Текущая страница: 6 (всего у книги 19 страниц) [доступный отрывок для чтения: 6 страниц]

Шрифт:
- 100% +
Встреча с Астафьевым

Все промелькнет и струйкой неустанной

Бесчисленных песчинок поглотится,

И, времени случайная частица,

Как время зыбкий, я за ними кану.

Х.Л. Борхес

Однажды поздней осенью врача-судмедэксперта Огурцова занесло на очередную учебу по специальности в Город – а что поделать, время подоспело! Отучившись с недельку, Огурцов заскучал, ибо со всеми друзьями повстречались, все новости и сплетни обсудили, а также слегка отпраздновали встречу. Поэтому, когда его вызвал начальник Бюро и предложил съездить с другим экспертом на эксгумацию в районный центр, расположенный примерно в 150 км от Города, Огурцов согласился – все какое-то разнообразие в нудном потоке лекций и все тех же «учебных» вскрытий. И не просто согласился, а даже обрадовался этому предложению! Ведь ехать в райцентр надо было через Овсянку – деревню, где был похоронен Виктор Петрович Астафьев, и Огурцов – заядлый книгочей и почитатель творчества великого земляка – давно хотел побывать на могилке Писателя и поклониться его праху. А тут такой случай – грех отказаться!

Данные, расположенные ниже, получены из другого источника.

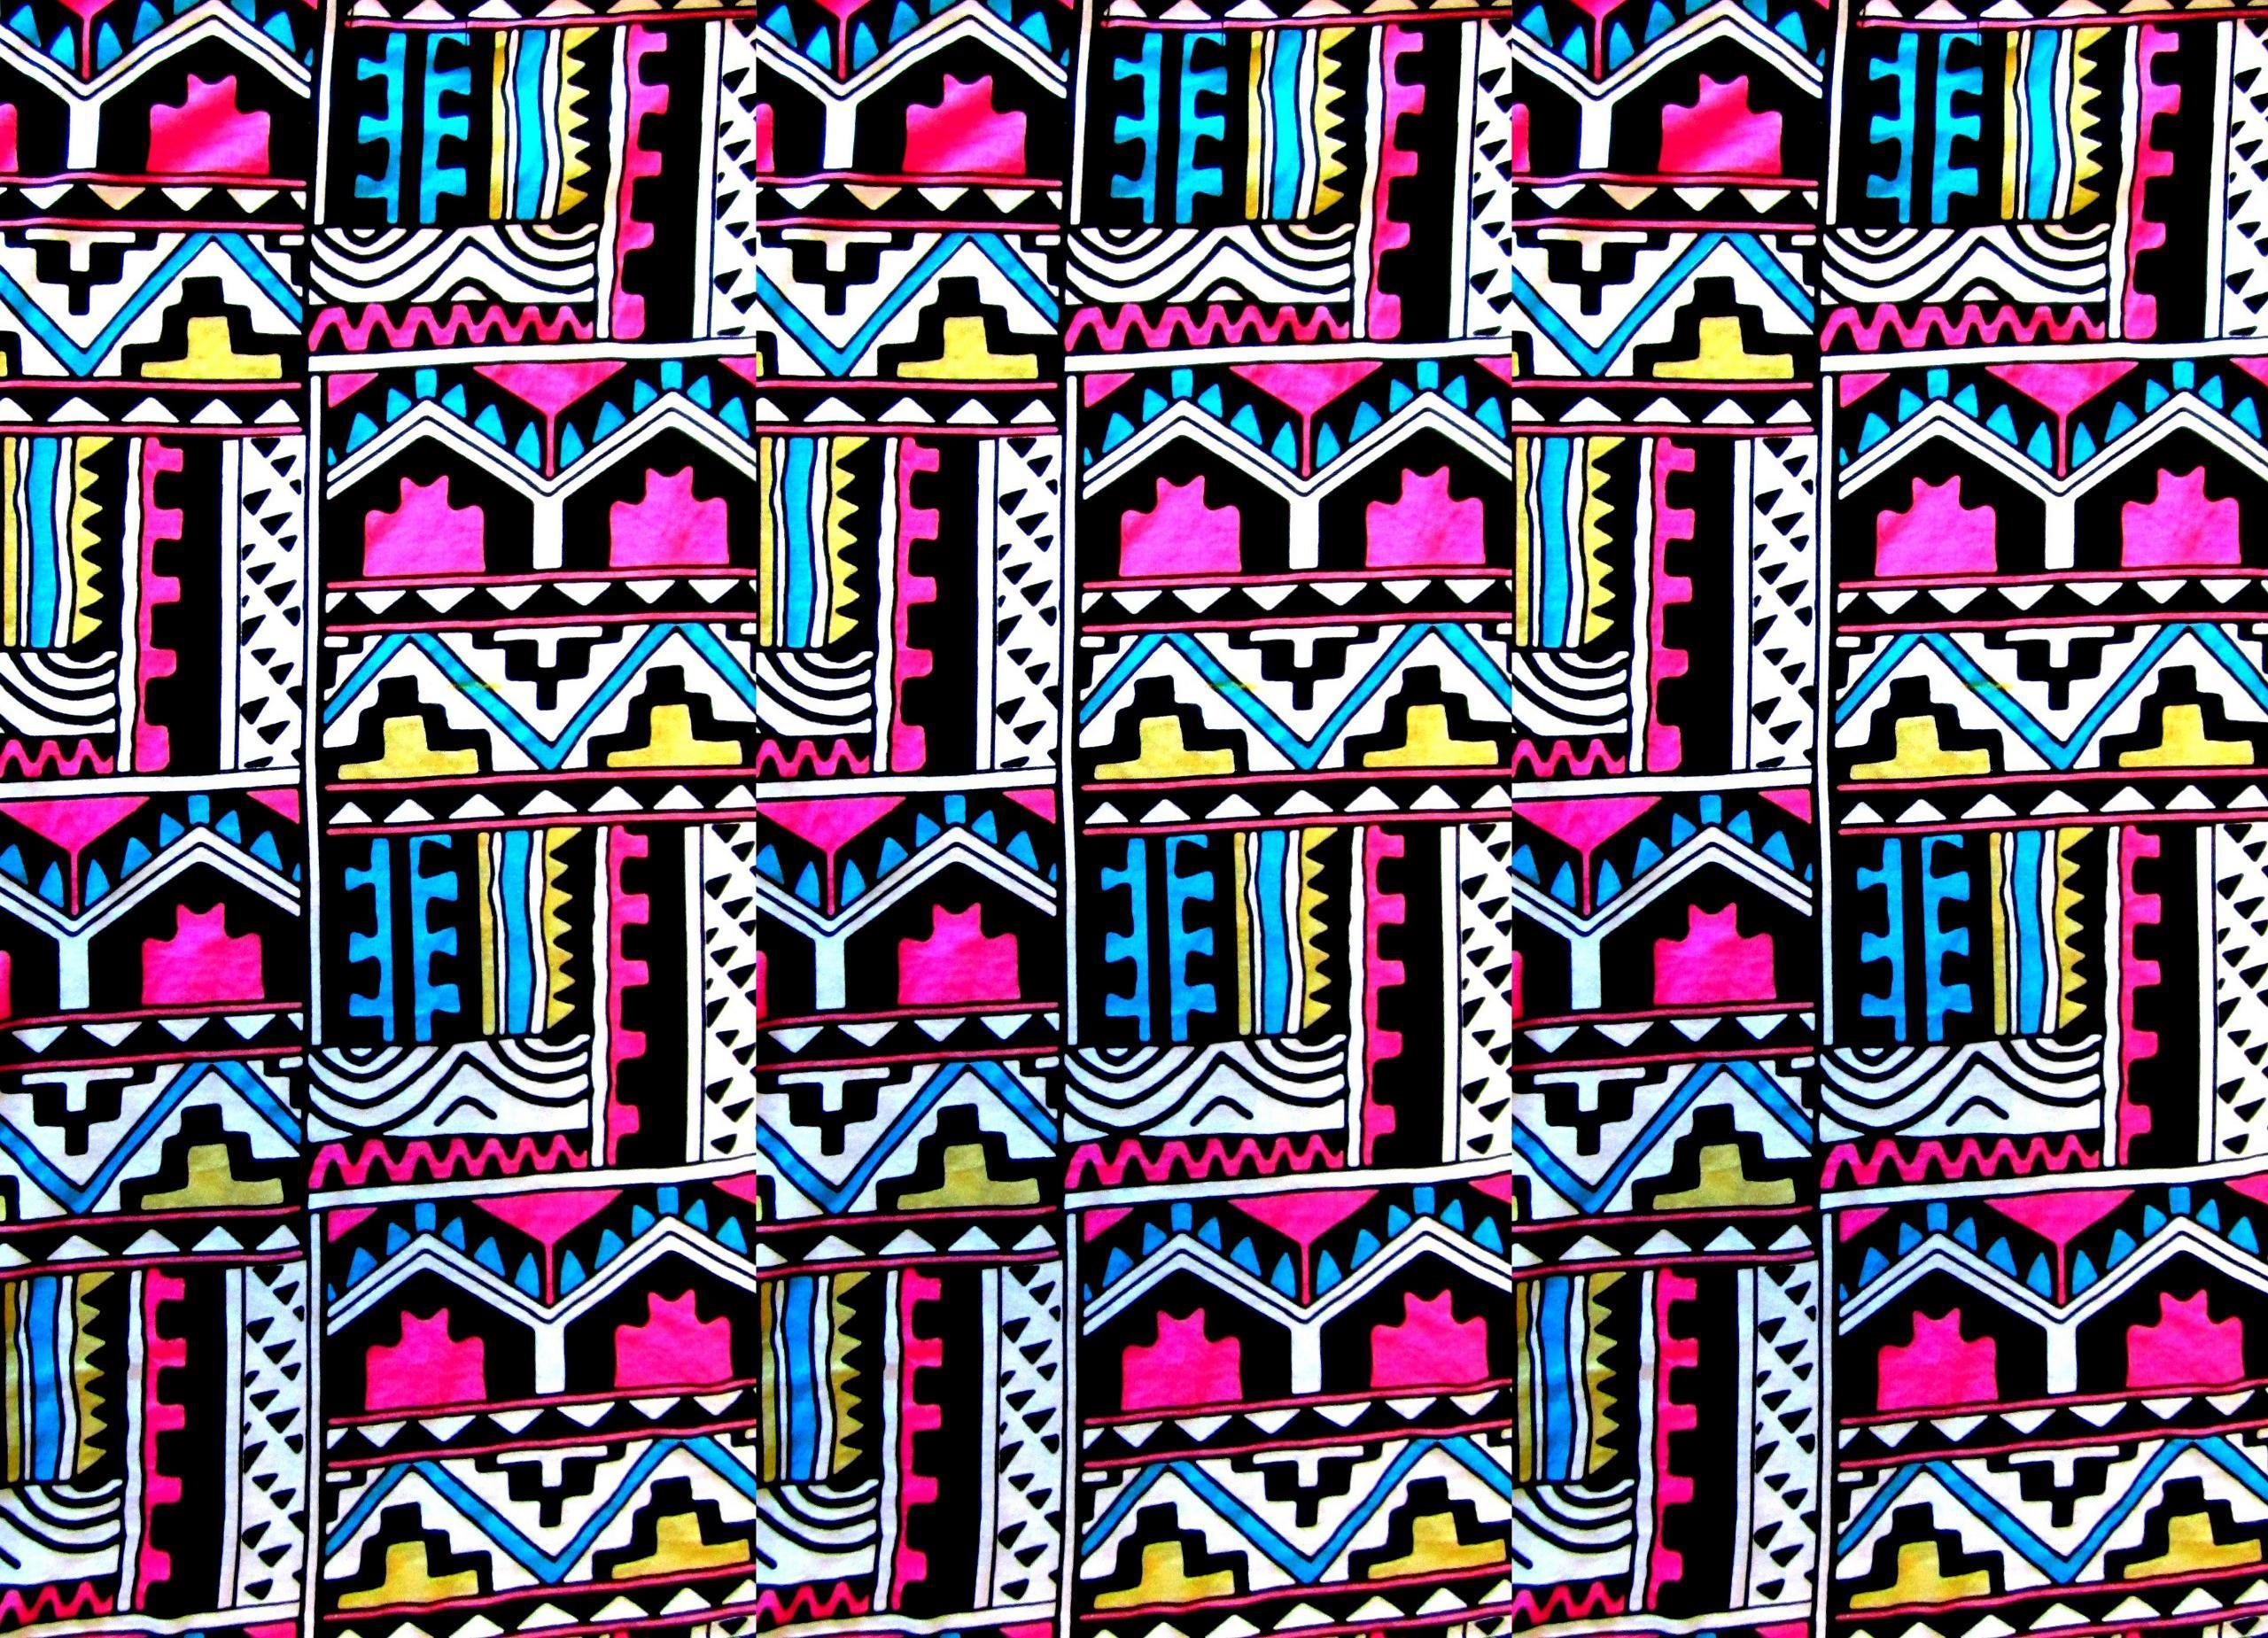 Backgrounds Tumblr Aztec - Wallpaper Cave

Выехали они ранним утром, еще по сумеркам. Сначала ехали по самому Городу и его пригородам, а затем, после отворота на любимые Столбы, дорога пошла в тайгу, что густо разрослась на склонах гор, а потому она сильно запетляла: то в горы поднималась, то спускалась к самой реке. Свинцово-серая вода Енисея пари́ла, и даже от одного ее вида в жарком салоне машины делалось как-то зябко! Водитель ведет машину медленно – скользко! – да и сплошные горные серпантины не дают разогнаться. Вот и Овсянка – маленькая и очень аккуратная деревушка на довольно высоком правом берегу реки. Спросив у прохожего направление, подъехали к кладбищу. Там, оставив машину на стоянке, все трое пошли к Виктору Петровичу. Дорожка к могилке аккуратно и широко расчищена. Видно, что люди здесь часто бывают. Вот уж воистину, сюда не зарастет народная тропа! У мраморного памятника цветы, граненый стакан с прозрачной жидкостью. Стакан какой-то замызганный, край его расколот. Сверху – кусочек мерзлого хлеба! Снег… тишина… пустота! Посидели несколько минут, помолчали. Потом разлили заранее приготовленный коньяк. Помянули. Посидели. И вдруг Володька, напарник Огурцова по эксгумации, говорит:

– А ведь я знавал Виктора Петровича! Лично!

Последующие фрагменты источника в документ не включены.